Vertex shader: 2) In the vertex shader store off the world position of the vertices (this will interpolate per fragmet)

Fragment shader: 3) Use the interpolated position minus the camera position to get the vector of traversal through the volume. 4) Use a while loop to step through the volume from the point on the cube through the other side. 3 ways to know when to end. A) at each step test if the point is still in the cube. B) do a ray intersection with cube and calculate the distance between the intersections. C) do a prerender of the cube with forward face culling and store the depths into a second texture map then just sampe at the screen pixel to get the distance.

5) accumulate while you loop and set the pixel color.

Jose
@Jose: Jose thank you for your response. Yes you are right that maybe the ray cating is the way to do. I did several attempts to make a ray casting following to Nvidias example, but I never achieved the Hi-dynamical resolution in ray casting method. The problem is more deep, in order to make a 3D texture I am interpolating the particle data onto grid, but that makes resolution loose. You can see the image rendered using particles by pmviewer http://www.aip.de/People/AKhalatyan/images/HALO198_2048.jpg . Is your algorithm possible to adopt for the textured particles?
Arman
Is your raw data actually a point cloud? Then You create a 3d texture out of it but the resolution of the texture is causing you to lose precision.

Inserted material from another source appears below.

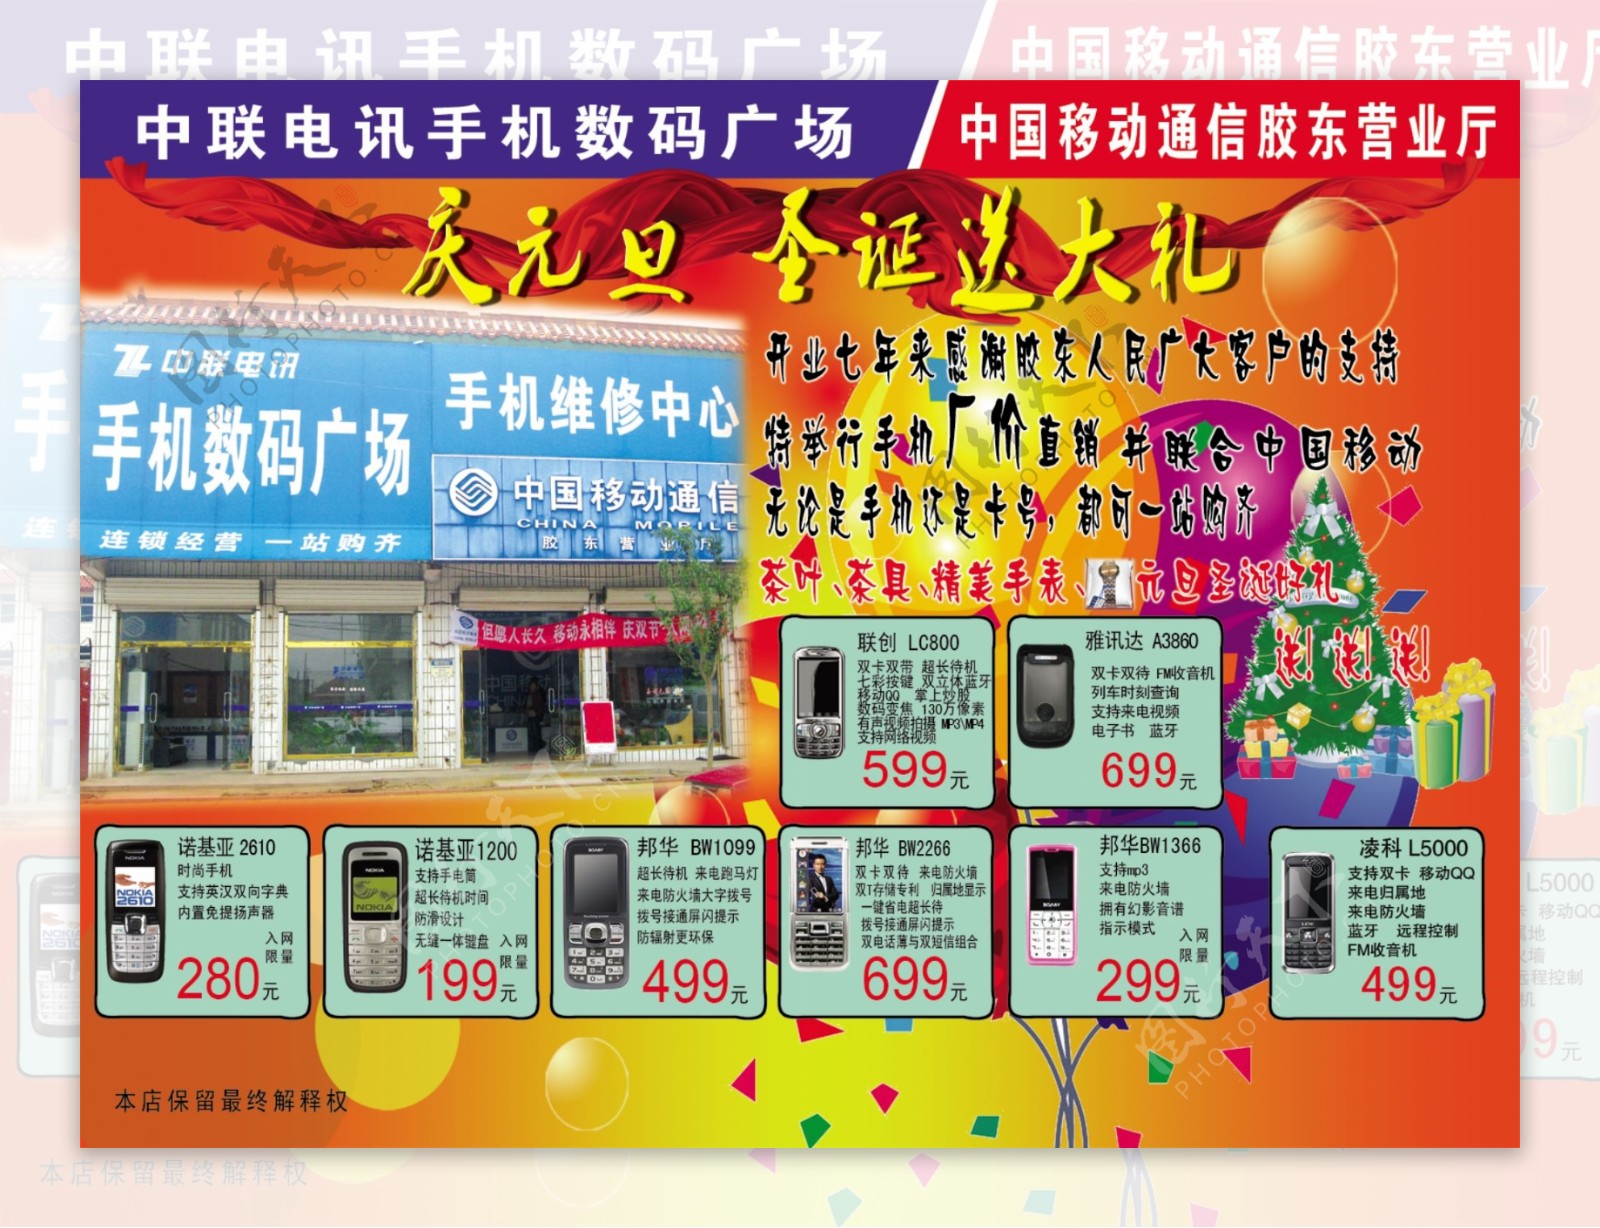 中联手机圣诞节优惠活动海报手机彩页矢量气球手机矢量圣诞礼物广告设计海报设计源文件库400DPIPSD格式
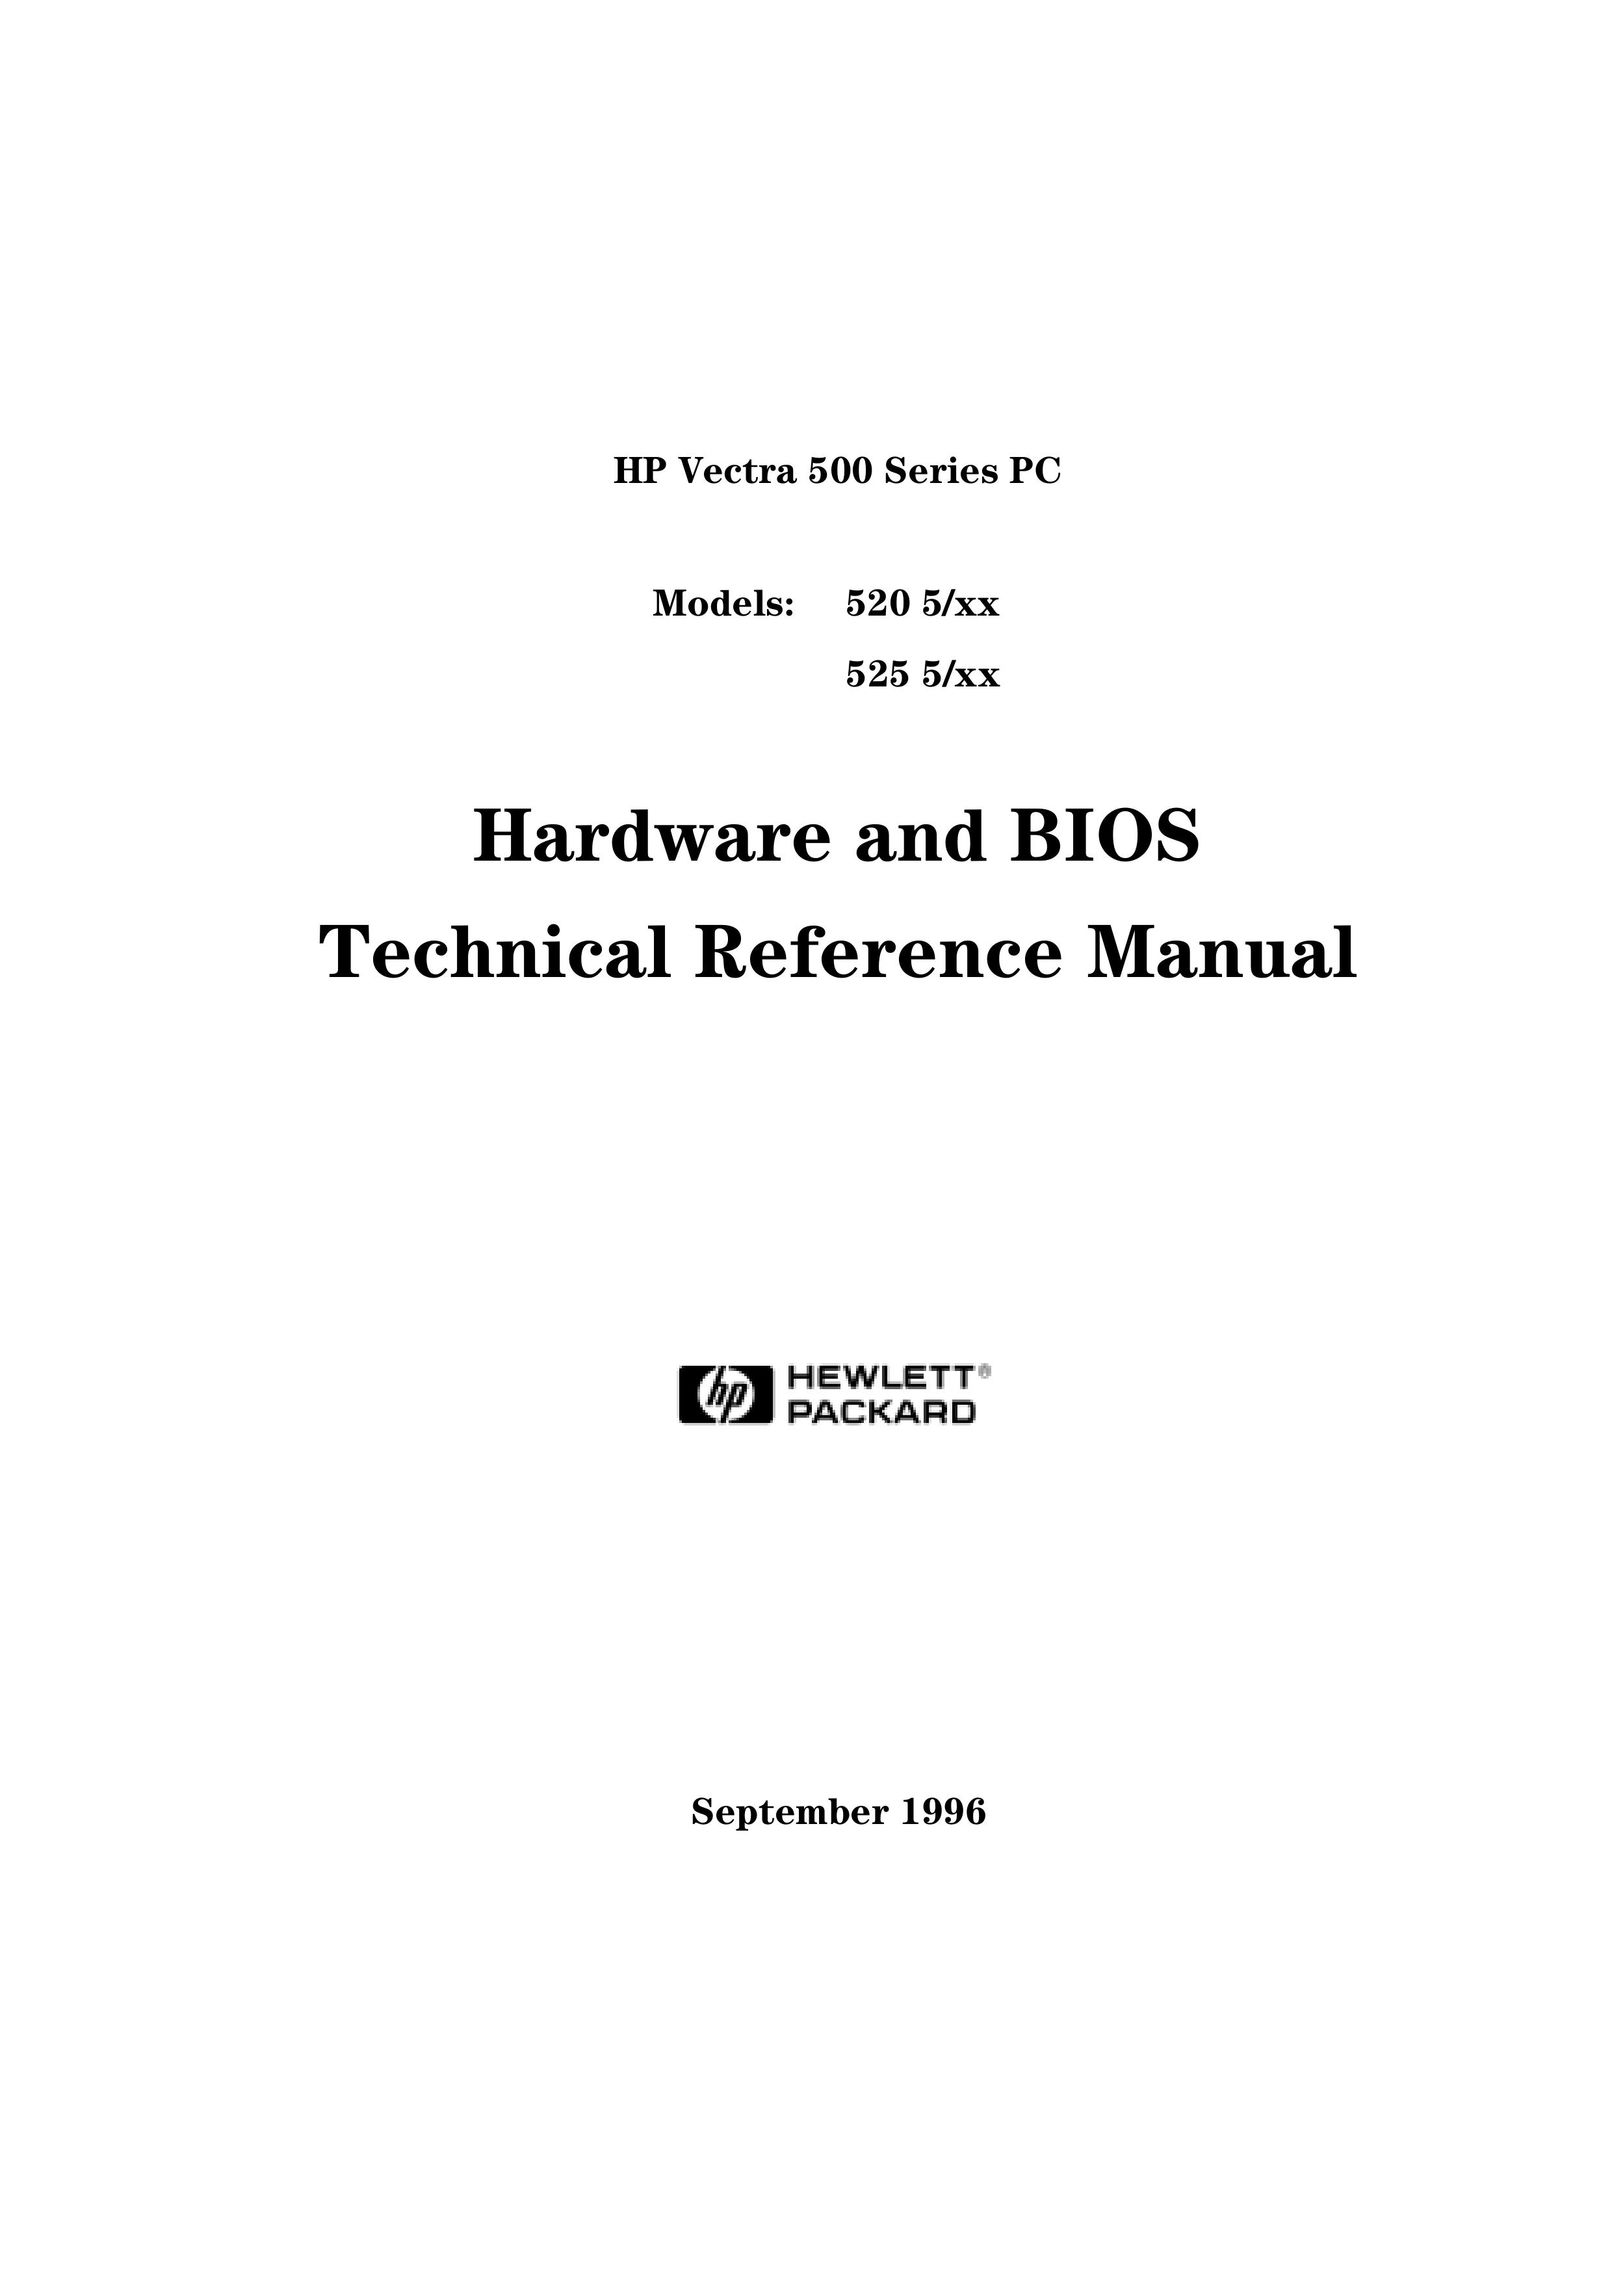 HP (Hewlett-Packard) 525 5/XX Personal Computer User Manual

Correct me if I'm wrong.
Jose
2 approaches come to mind but I don't know if they will have the performance that you need.Either way you need to partition your data (maybe octree) and cull on render.1) Nailboard each particle (depth based sprite).2) Use a modified ray tracer. Each point becomes a sphere and you launch a ray at each pixel of the screen. Instead of reflecting off the sphere you would pass through it until the density reaches the threshold, then return the temperature accumulation.